Thursday, August 28, 2008

The Future's Cloudy, the Future's Ovi ?

Maybe, but Nokia have a lot more work to do yet.

It's been a while since the last update but Nokia have launched the next upgrade to their Ovi service offering (bringing the web, desktop and mobile harmonisation one step closer).

The new additions are synching (contacts, calendar, notes, tasks) via SyncML, a personalised dashboard with flickr and Ovi share 'widgets' and a desktop PC suite client (Ovi Suite). Multiple devices can be synched to a single Ovi account but mobile web browser access is still pretty limited with these new features (no login/dashboard view).

This complements the existing Remote File Access/Share (from your mobile/online PC) and Ovi Share (photos and media uploading/sharing)services.

Games, Music and Maps (no eMail?) are still to be integrated but Nokia have been listening it seems, for a single unified account login to all Nokia Ovi features with FileShare and new Synch service at least sharing the same login details.


The fixed-browser widget approach is a good move, allowing personalisation of the dashboard assuming we see other Nokia/external widgets being made availabe soon (I would find an SMS-text backup widget very handy ...)

However I think the whole Ovi strategy still way too fragmented for normobs - the multiple logins, multiple access points to the services (synchML, mobile web, web, active idle screen integration of Ovi Share) and the separate Share Online application, N-Gage arena on the device just cause confusion.

I'll assume at some point Nokia will have a centralised approach for device, desktop, mobile web and web and might take a leaf out of Apple's book regards simplicity (although MobileMe has its own fair share of problems too).

In the meantime Zyb, Dashwire, MobSynch, Funambol, SoonR, Orb and the myriad of other services that synch media+contacts+calendars from mobile-to-cloud and/or mobile-to-PC, will need to try and stay ahead of the giant as it continues centralising and improving these services further in its quest to become an internet company.

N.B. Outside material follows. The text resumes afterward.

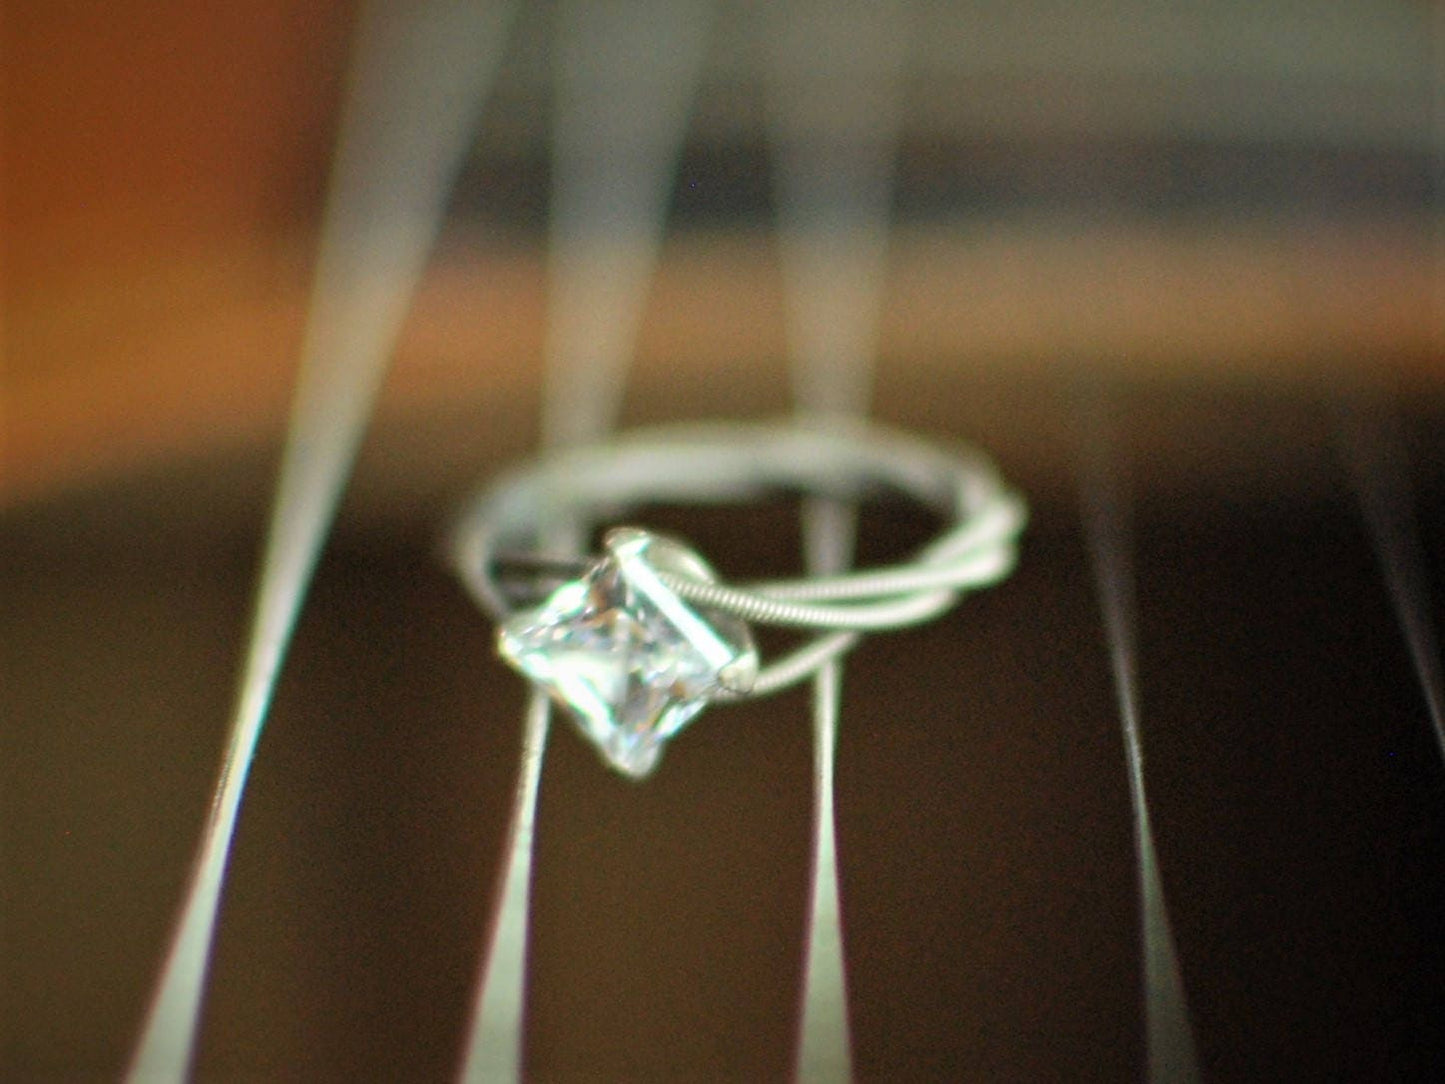 Guitar String Engagement Ring, Princess Cut Engagement Ring, Guitar String Jewelry, Unique Engagement Ring, Guitar Gifts, Wedding Ring
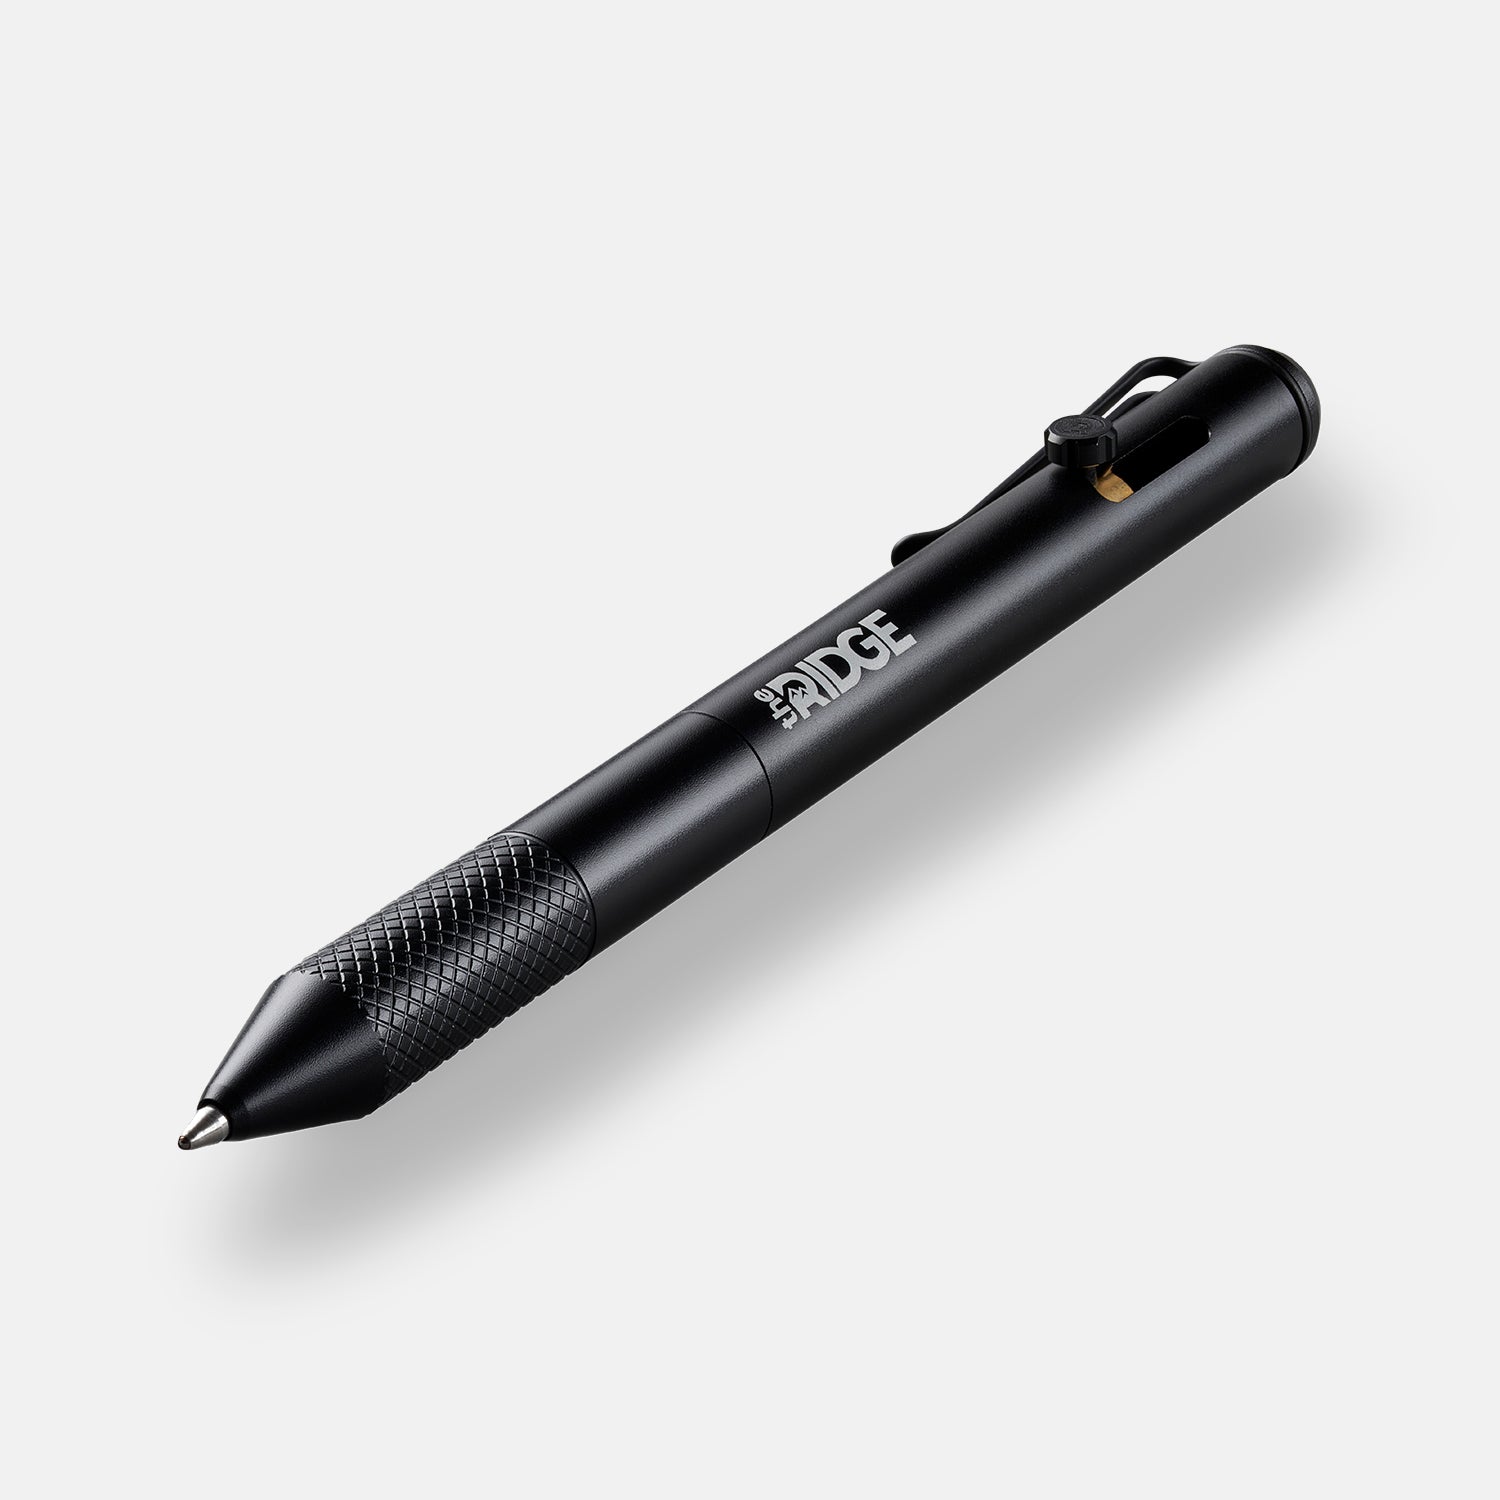 Bolt Action Pen - Black - Knurled Textured Grip // The Ridge

As usual, AAS have a much more detailed review.


Thursday, August 21, 2008

Mobile bloglines update























I tend to use Mobile bloglines rather than Google's mobile feed reader for staying on top of RSS feeds and this week Bloglines released a new beta version for mobile.

Point your mobile browser to http://m.beta.bloglines.com and you'll be redirected to v3 (the newer version).

New features include: favicon support (turn-offable), ability to follow sublinks within a post but keep the post as unread (useful for continuing reading long posts) and startpage support (if you set the bloglines MyStartpage with favourite feeds - this is now available in v3).

If you prefer the original mobile version there's a link at the bottom to revert back to 'classic mobile bloglines'.


Friday, August 08, 2008

Updates everywhere

I've been using HelloTxt recently to update statuses across multiple (micro) blogging and chat channels. Lifestream updating from a centralised place, I'm finding is rather convenient.

It's a service similar to Ping.fm - and both have been around a while. Both also have mobile (web) access and support updates via email.

One thing I like about HelloTxt is the ability to in-line post a video-clip as well as images (like jaiku) and crucially it has an SMS Gateway for posting updates via SMS.

These services are slightly different from FriendFeed which imports your status updates and is more of an aggregator of other services rather than ping.fm/hellotxt which is a multi-end-destination-status-update tool.

Both services could do with voice enablement from the mobile though (like TwitterFone or TwitterGram) or to link up with the spinvoxes or jott's of the world. The posting options are summarised below :

Ping.fm - Web Interface, Special Email Address, IM Bot, Mobile Interface (including dedicated iPhone), iGoogle and Facebook Apps

HelloTxt
- Web Interface, Special Email Address, Mobile Interface (no iPhone version), Posting via SMS, Facebook App

More detailed comparisonshere and here.

If you've got multiple microblogging/chat channels and you want to update them all simultaneously with the same updates you might want to try one of these services out.